Sans Faceted Asge 10 is a very bold, normal width, low contrast, upright, tall x-height font visually similar to 'Racon' by Ahmet Altun, 'EFCO Colburn' by Ilham Herry, 'Bringas' by Novitype, 'Dark Sport' by Sentavio, and 'FTY Galactic VanGuardian' by The Fontry (names referenced only for comparison).
Keywords: headlines, posters, sports branding, team apparel, packaging labels, athletic, industrial, retro, arcade, assertive, impact, geometric clarity, brandable display, signage feel, octagonal, chamfered, blocky, stencil-like, squared.
A heavy, faceted sans built from broad strokes and crisp chamfered corners, with curves consistently translated into angled, planar segments. Counters are compact and often rectangular, and terminals end in blunt, clipped forms that give the alphabet an octagonal rhythm. The uppercase is wide-shouldered and tightly constructed, while the lowercase maintains a sturdy, simplified structure with minimal modulation and strong internal geometry. Numerals follow the same squared, cut-corner logic, producing a highly uniform, sign-like texture in lines of text.
Best suited to short, high-impact settings such as headlines, posters, sports and team branding, apparel graphics, and packaging or product labels where a tough, geometric voice is desired. It also fits UI moments that mimic scoreboards or arcade aesthetics, especially at medium to large sizes.

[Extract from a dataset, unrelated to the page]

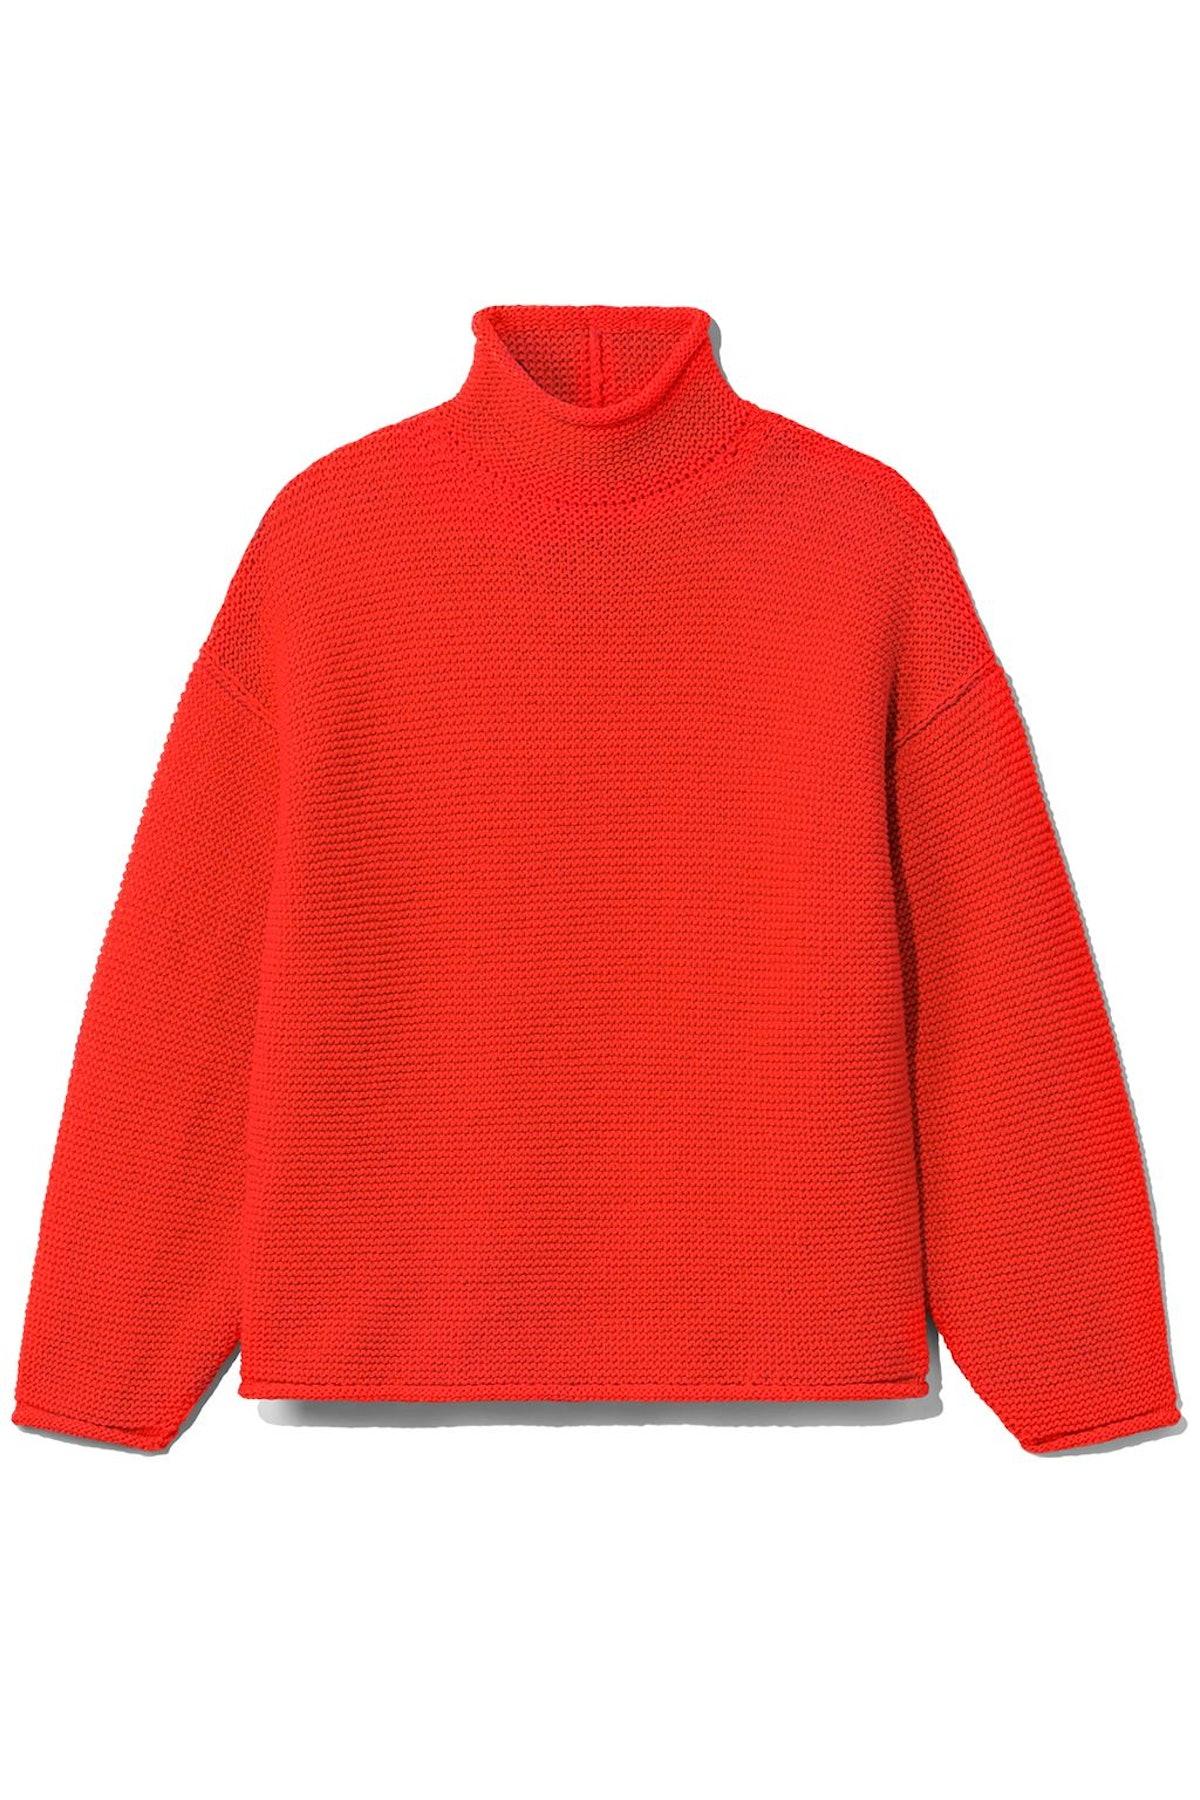 Cotton Turtleneck Sweater in Orange: image 1

The overall tone is bold and no-nonsense, evoking athletic letterforms, industrial labeling, and retro game or scoreboard typography. The sharp facets add a mechanical, engineered feel, while the dense color and compact counters communicate impact and urgency.
The design appears intended to deliver maximum punch with a consistent faceted construction, translating traditional sans forms into a cut-corner, machine-made vocabulary. Its compact counters and uniform geometry suggest a focus on creating a recognizable, logo-friendly texture that holds up in bold display use.
In text, the strong rectangular counters and frequent chamfers create a distinctive zig-zag cadence along horizontal strokes (notably in forms like E, S, and Z). The design’s geometry favors hard angles over softness, which increases presence and theme but can make long passages feel dense compared to more open grotesques.